Oak Furniture Land responds: "Oak Furniture Land are very grateful for the input of the WWF on this very complex matter and assure all that we take our obligations to source products that are sourced from well managed forests and legally harvested, very seriously indeed.

"As a business fully committed to sourcing all timber and timber products from legal sources, we are fully aware of our obligations and requirements to comply with all aspects of the EU Timber Regulation. Where possible we ensure our suppliers provide us with clear evidence of good forest management practice at the original source, and give preference to those suppliers who can provide such evidence. We always require suppliers or potential suppliers provide us with full timber supply chain of custody documentation which is subjected to our strict and rigorous in-house due diligence and risk assessment system. Where customer demand dictates that we procure timber from areas of greater risk, our approach is to only work with suppliers who can demonstrate full timber chain of custody documentation which in turn is rigorously checked not only in house but also by independent outside sources.

"Oak Furniture Land acknowledges the importance of auditable independent certification throughout the supply chain process and has introduced relevant schemes where appropriate to the business. We are firmly committed to a stepped approach, through the risk assessment of products by species, country and supplier, to the sourcing of timber from legal and where appropriate well-managed sources. This includes the elimination of timber species recognised as endangered, using references including CITIES & the IUCN Red list.

"We also conduct regular on site visits to our overseas suppliers and work with them to ensure they comply with our strict code of conduct to reinforce the knowledge that we only procuring products that derive from legal sources. Should any supplier not adhere to our code of conduct we move supply base immediately.

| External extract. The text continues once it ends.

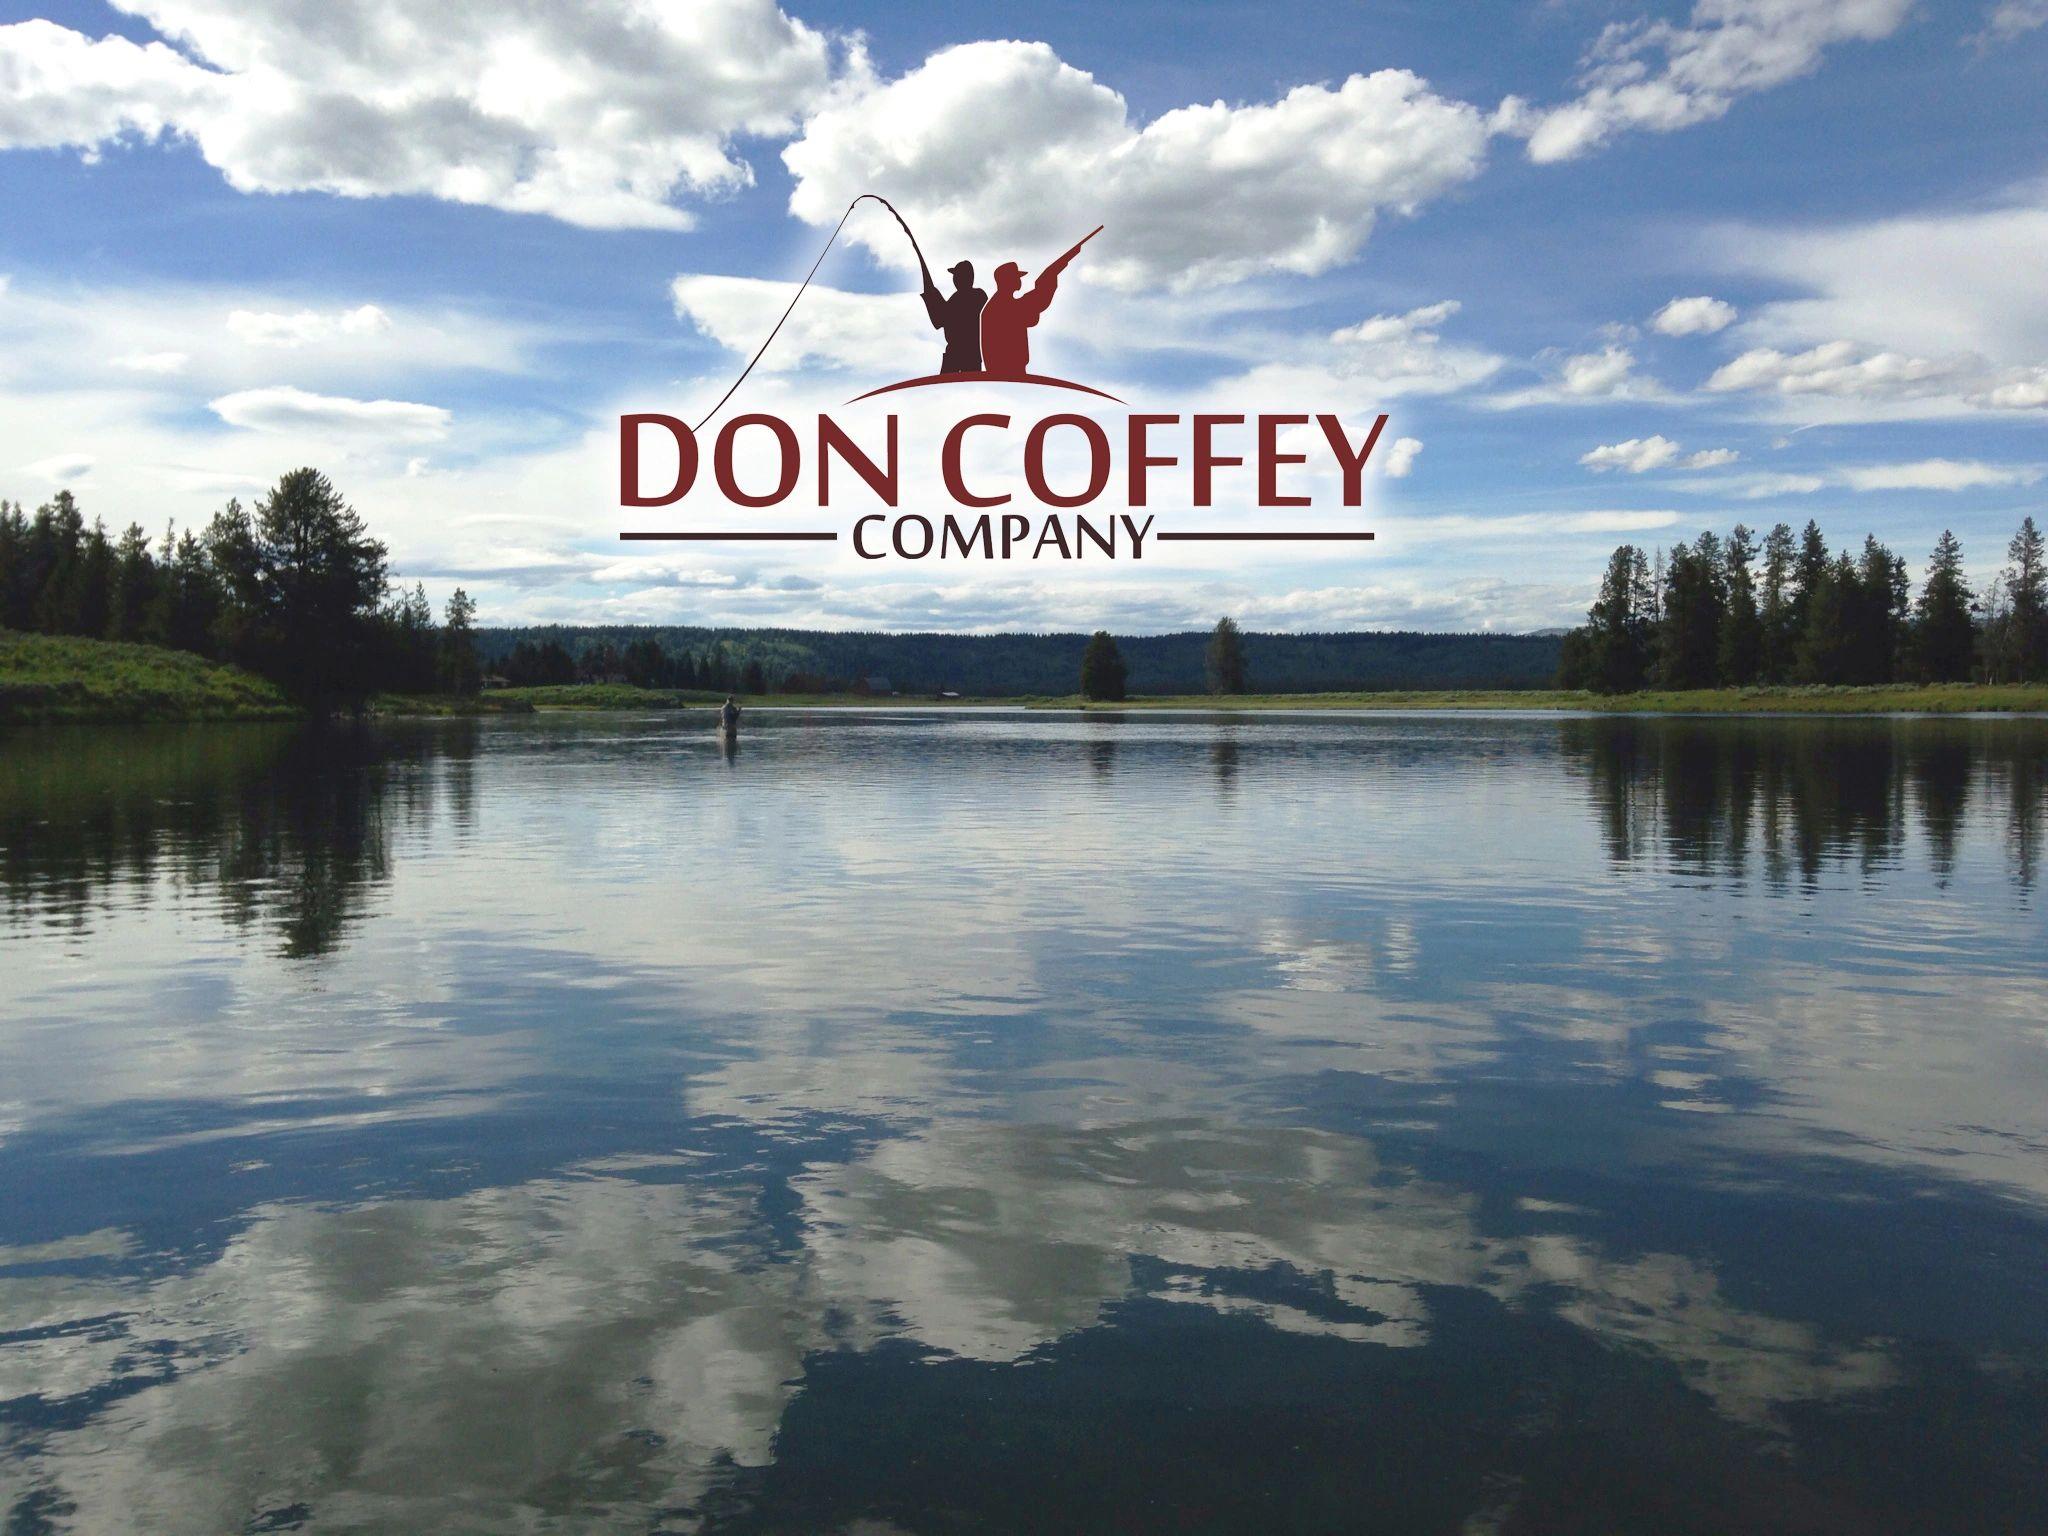 Don Coffey Company

"As a major UK retailer of solid hardwood products we are fully confident in our own systems which are constantly evolving and directed to all aspects of our supply chain. We firmly believe this fully demonstrates that in all circumstances we ensure we procure products from legal and well-managed sources. As a business we have chosen to work with parties other than the WWF on this matter, nevertheless this does not mean that we are not fully compliant and committed to doing all we can to ensure we know where the wood in our products derive from. Indeed, we fully support the WWF campaign to bring ‘out of scope’ wood-based products such as seats within the scope of the EU Timber Regulation.

"We can confirm that plans are already in place to publish our sourcing policy in the coming weeks as part of our ongoing programme of upgrades to our website which currently undergoing a major review."

WWF’s Timber Scorecard is part of its forest campaign which has successfully galvanised business action on responsible forest trade. The update, issued today, shows that 23 companies have taken action to improve their ranking since July – for example by revisiting their policies on sustainable timber, making them clearer and publicly available, and releasing figures on the proportion of timber sourced from certified sources (for example, those with FSC certification).

The timber scorecard measures the quality of publicly available information on companies’ responsible timber procurement policy, and progress on achieving them. As indicated when the original Scorecard was published, during September 2015 the WWF undertook a review of any new or additional information sent by companies since the scorecard was published in July 2015. 36 companies sent information for this review, of which 19 had not previously been in contact with WWF regarding the Timber Scorecard. Of the 36 companies which submitted information, 23 have increased their scores, including Dunelm, Feather & Black, Furniture Village, John Lewis Partnership, Tesco and James Latham. Zero trees were awarded to Dreams, Harrods, Jansen International UK and The Sofa Workshop.